● **Data excerpt**
━━━━━━━━

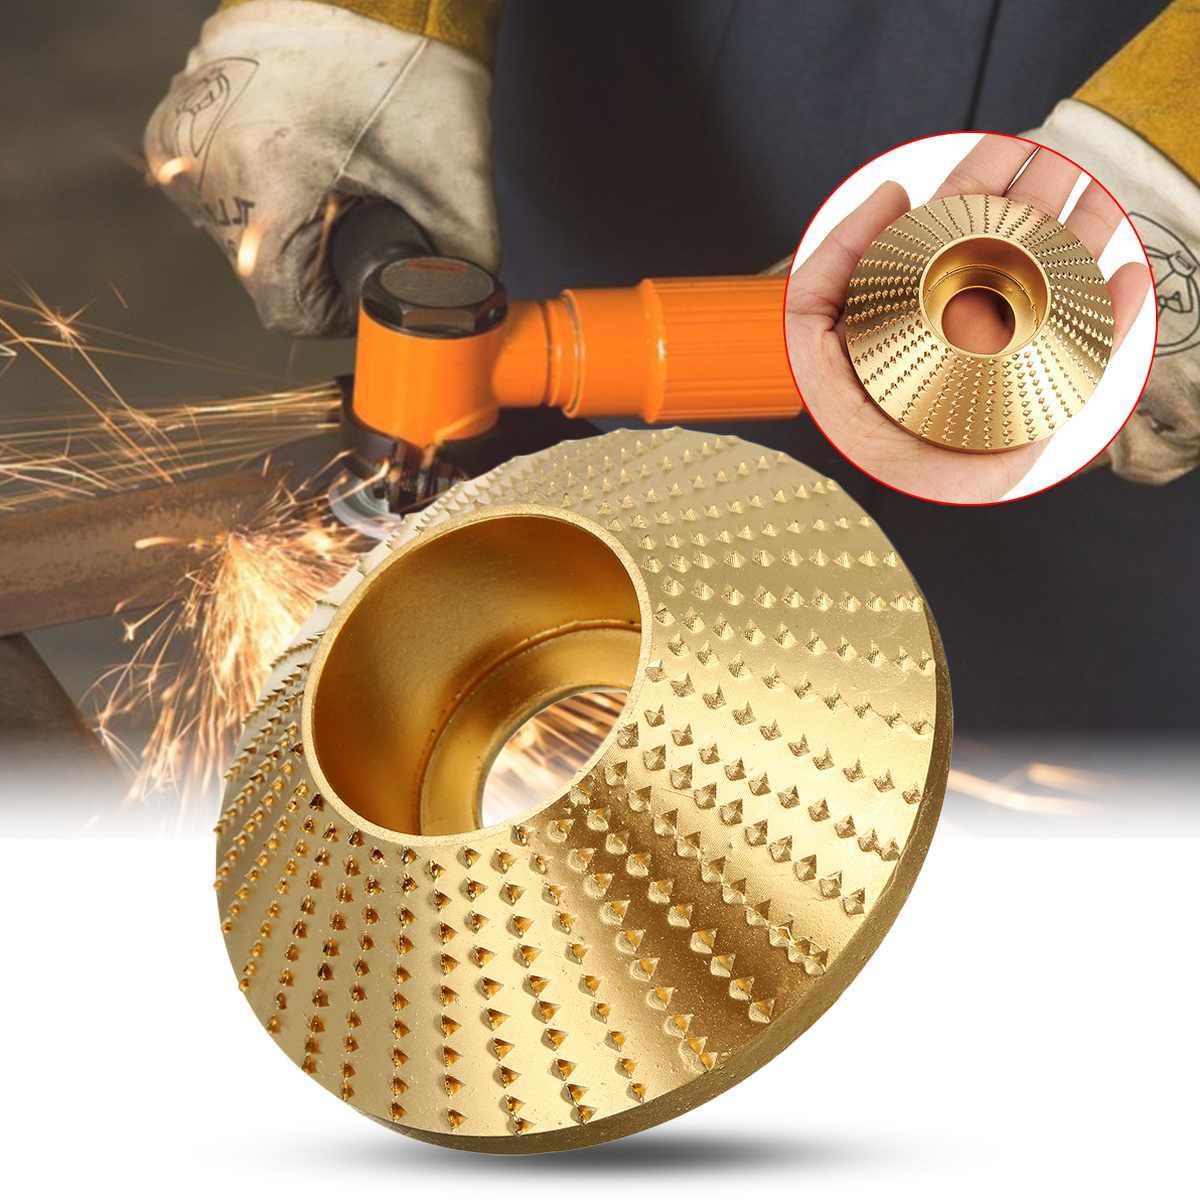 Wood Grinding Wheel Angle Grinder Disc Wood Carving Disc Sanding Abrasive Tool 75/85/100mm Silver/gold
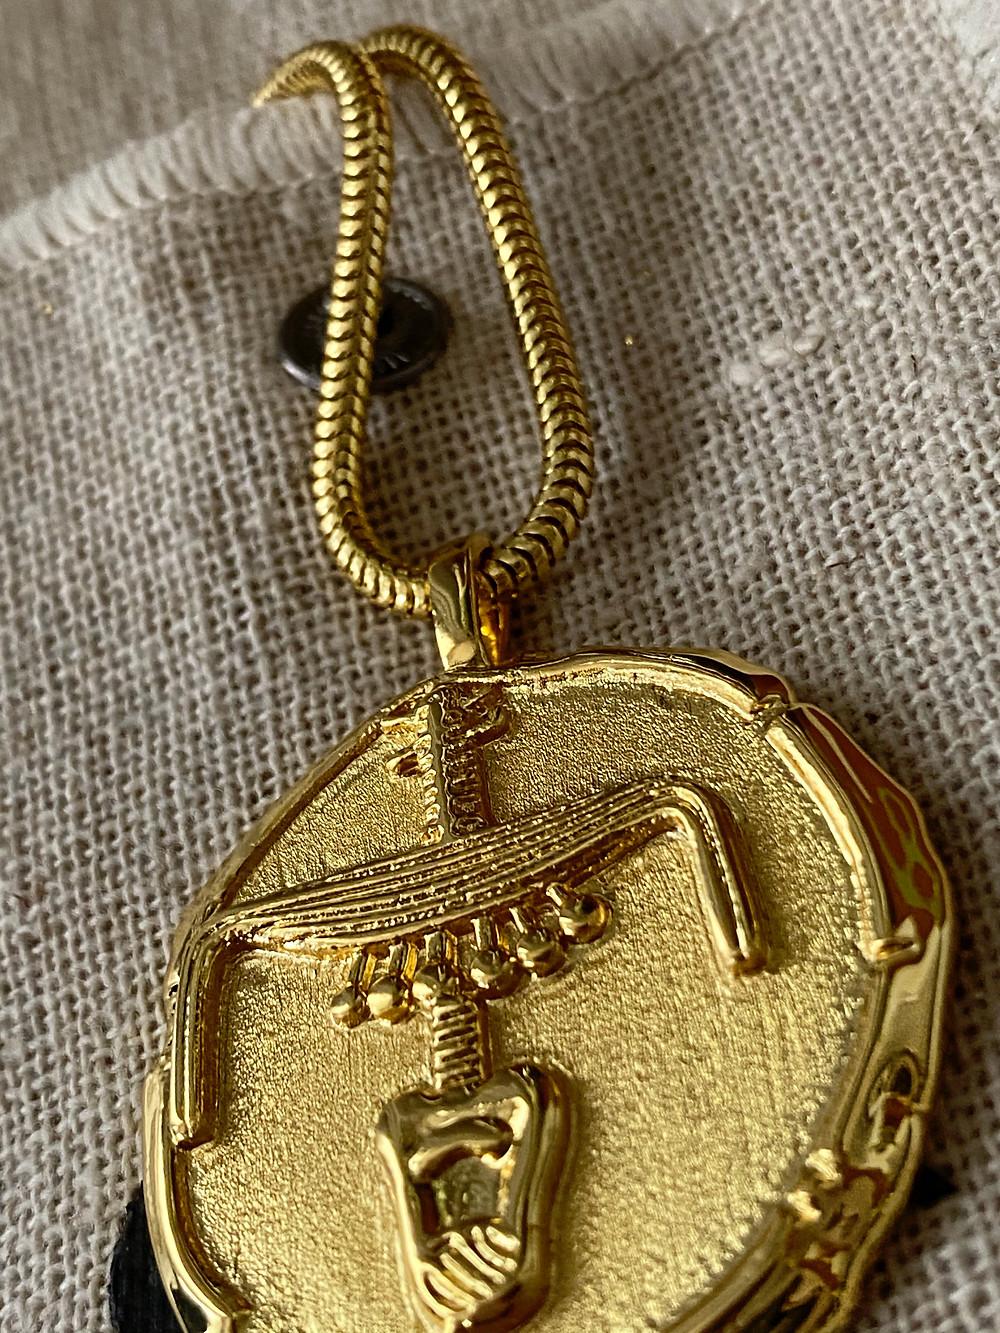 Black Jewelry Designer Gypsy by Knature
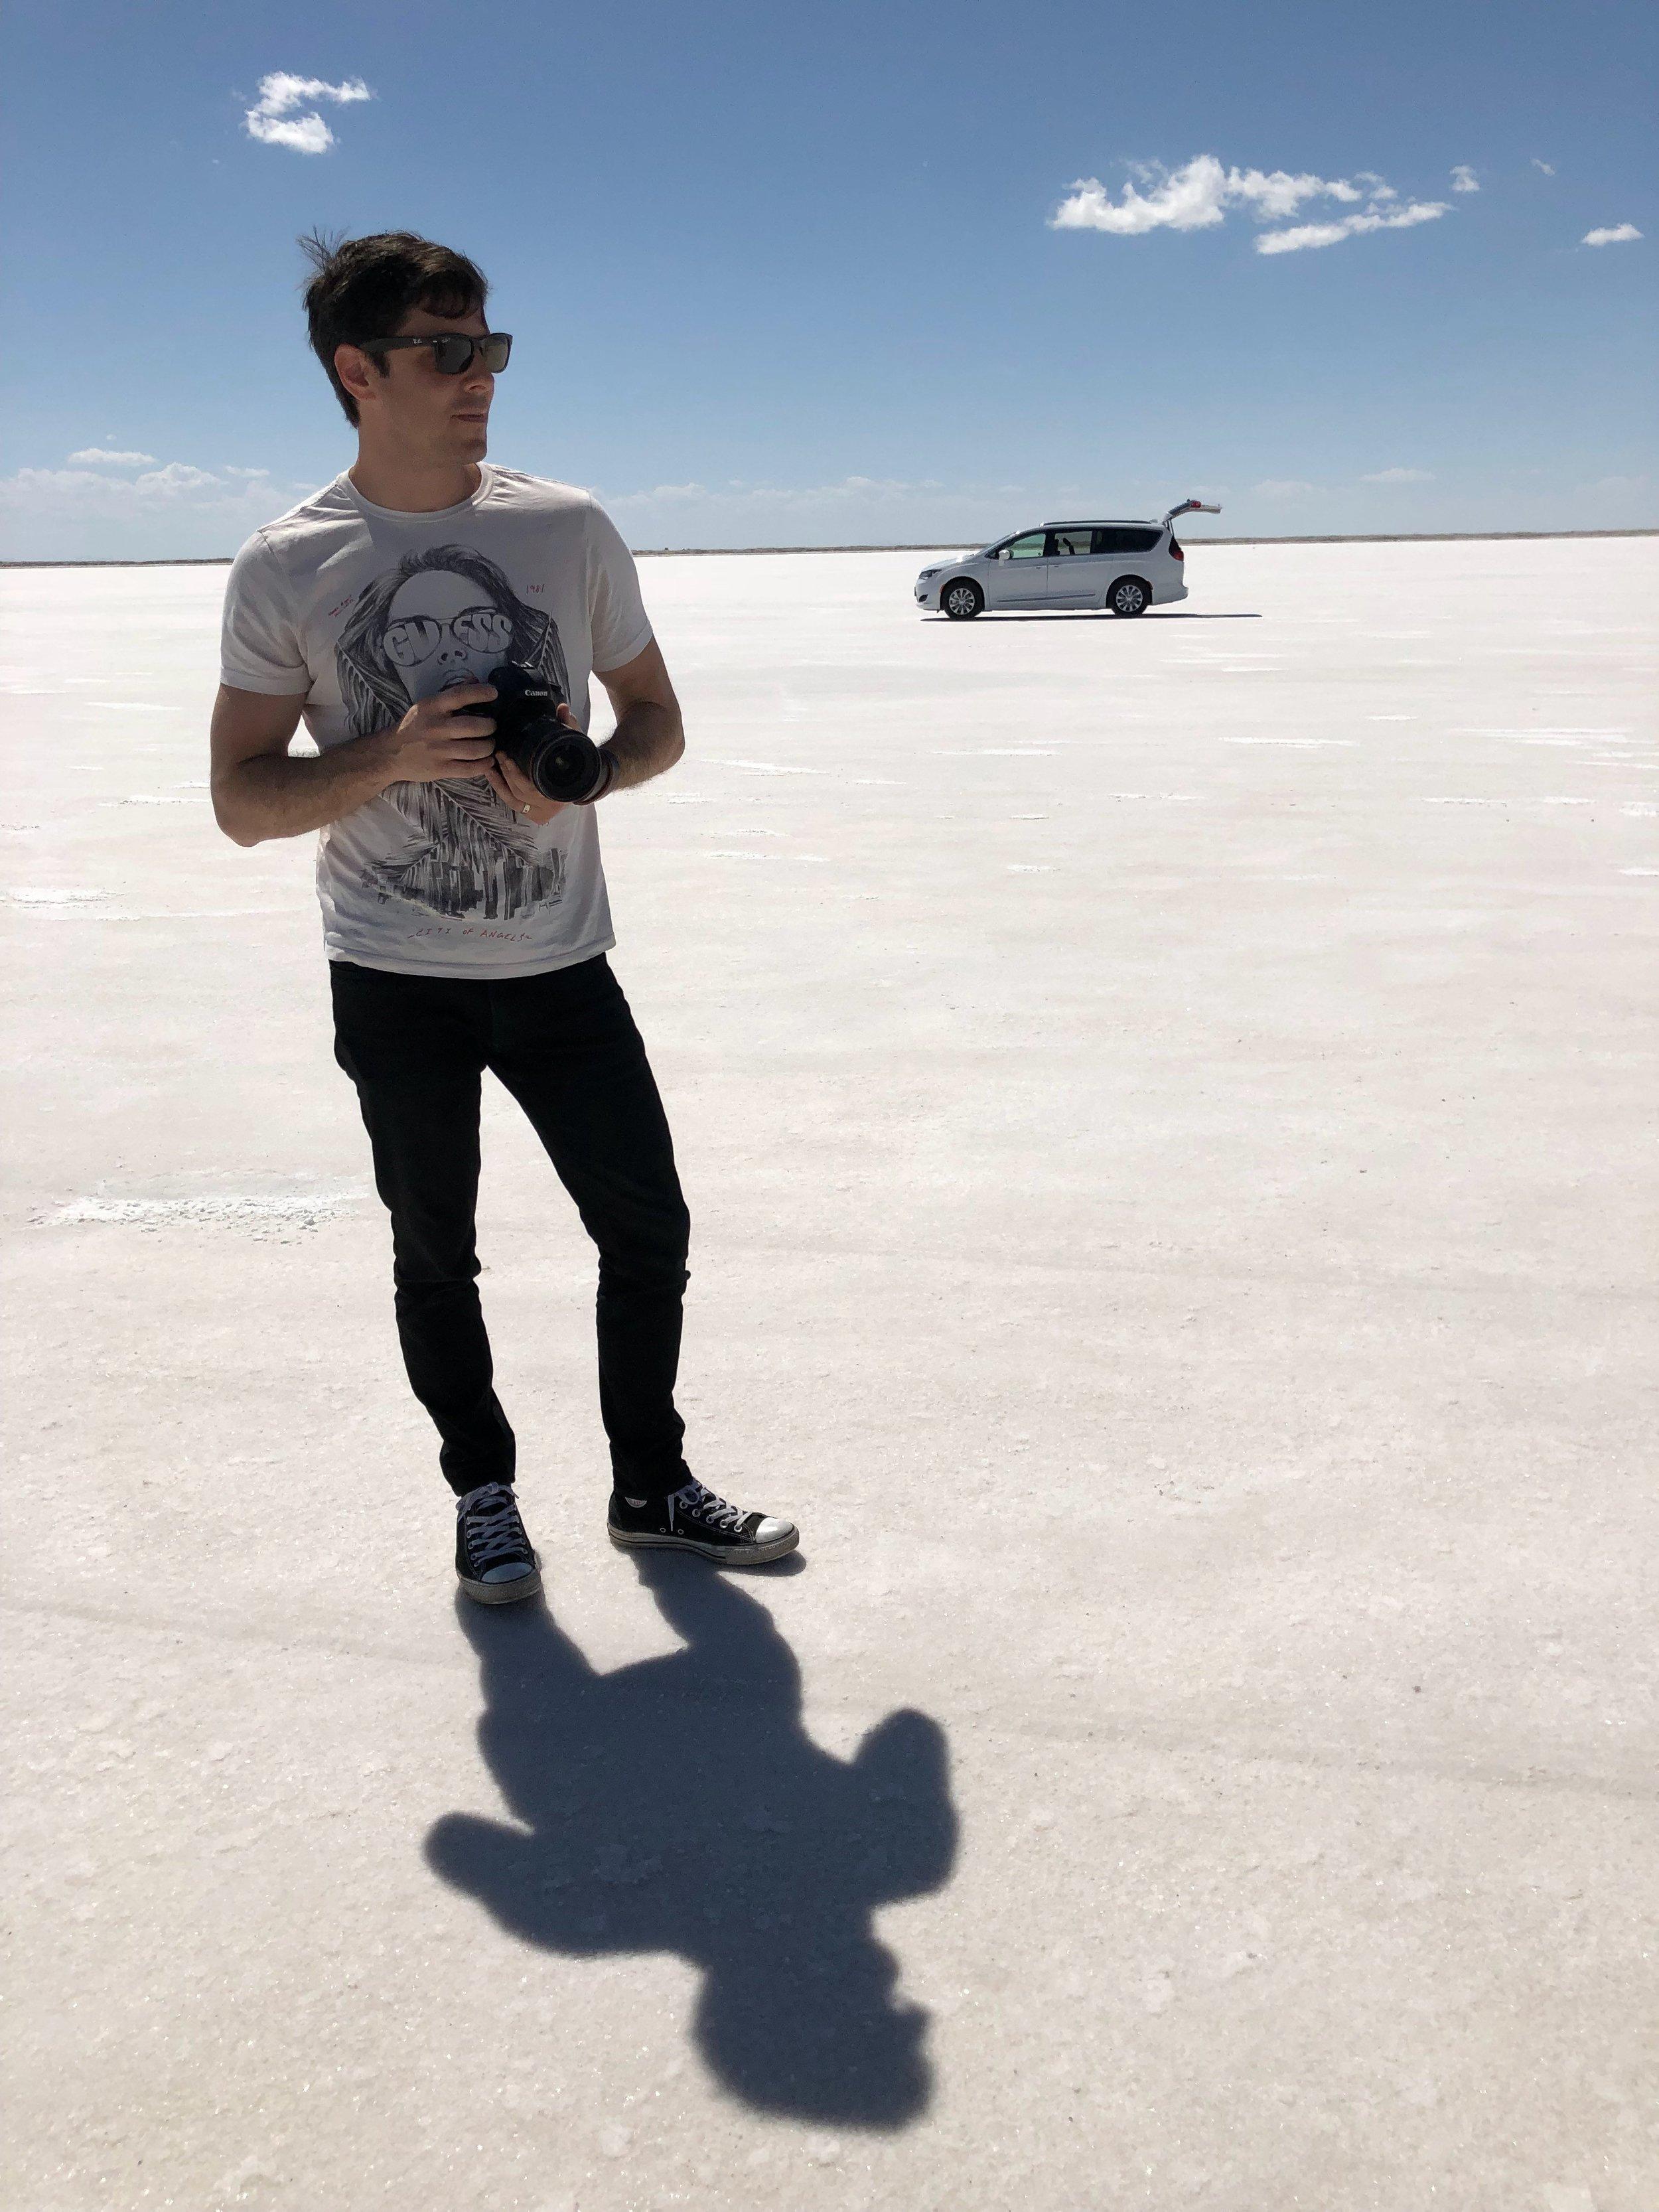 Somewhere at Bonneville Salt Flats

━━━━━━━━

● **Exercise aim**
Here the lines from the one containing "Black Jewelry Designer Gypsy by Knature" through the end of the material are to be copied exactly, with the pictures omitted.

● **Written reply**
 Black Jewelry Designer Gypsy by Knature
 Somewhere at Bonneville Salt Flats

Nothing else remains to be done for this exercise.